I remained silent as I listened to Murphy, my thoughts running wild with all sorts of things. I wasn't sure what to say so I just said nothing. Murphy of course picked up on that and continued, "This isn't your fault Val. Honestly, he's overreacting. He'll come to terms with it."
"And what if he doesn't?" I murmured under my breath.
"He will." Murphy reassured me.
After I got tired from walking around the estate, Murphy helped me back to my room where I napped a little until my mother brought me dinner. I ate alone in my room at a small table set up by one the large windows so I could watch the snow fall from the night sky. As I sat there, alone with my food and my thoughts I found my inner dialogue lingering on the issue of Conner and Murphy more than my plans for Bastian.
Suddenly I felt a wave of incredible guilt crashed against me and I leaned back in my chair, my dinner not so much as even half finished. What was I thinking? That Murphy and I were going to have some kind of romantic happily ever after? After everything I had done to him, after everything I had indirectly put him through, I actually for a second thought it was possible. But it wasn't. That realization came quick and hard and pained me to even admit, even in just my own thoughts. It was never going to work, more so doomed to fail now more than ever with Conner's stubbornness involved. Conner would never let it happen, and even if he did it would crush Murphy to cause a rift between them and that was exactly what would happen. No matter how hard they both tried to understand the situation they would fail. Like Murphy said, neither of them had ever had any real relationships before, and this one was far from normality and would only make it even more difficult.

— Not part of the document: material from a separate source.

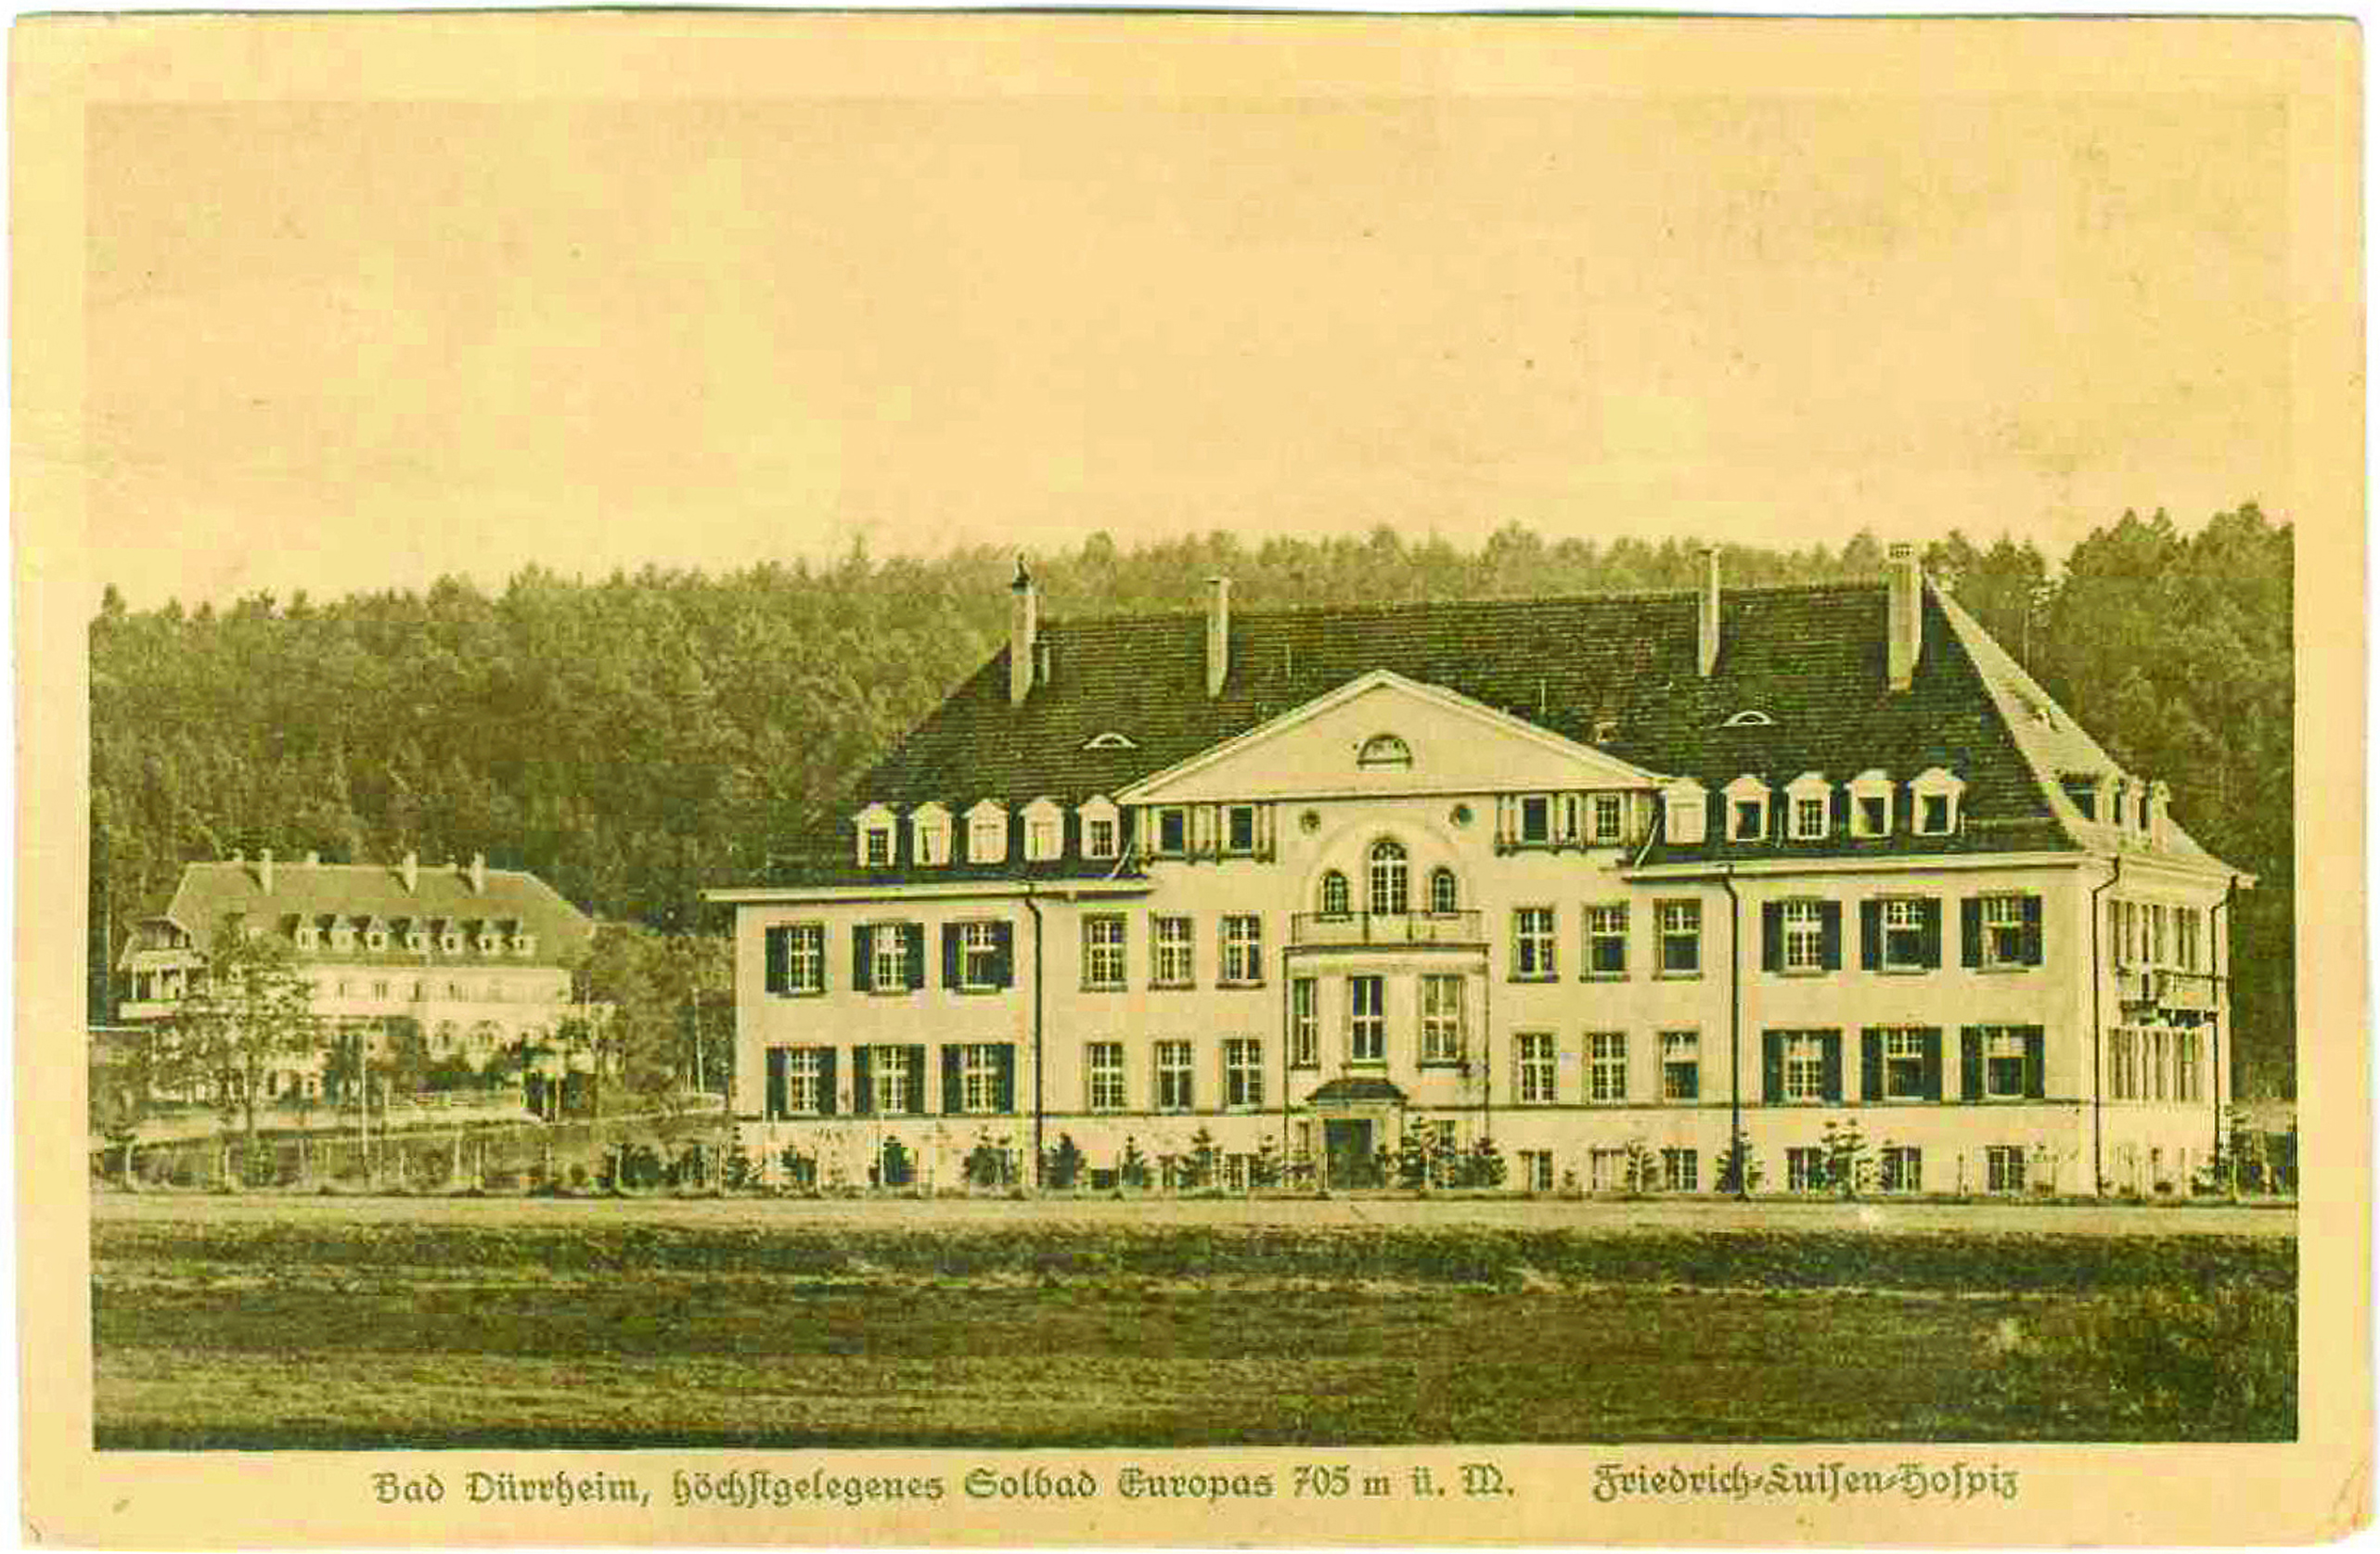 Das Friedrich-Luisen-Hospiz in Bad Dürrheim auf einer alten Ansichtskarte.

I felt the tears swell in my eyes and fall hot down my cheeks, burning my face as I rubbed them away. I felt so pathetic. For one, thinking I could ever have anything normal with Murphy. Two, losing my focus on what was really important-murdering Bastian, slowly and painfully. I would only bring discontent between Murphy and Conner and Murphy would only further distract me. It had to stop, all of it. I couldn't let myself fall further than I already had and I desperately needed to repress what emotions had already come to exist. I knew it would hurt Murphy, but I also knew in the long run it'd only hurt him even more if I didn't.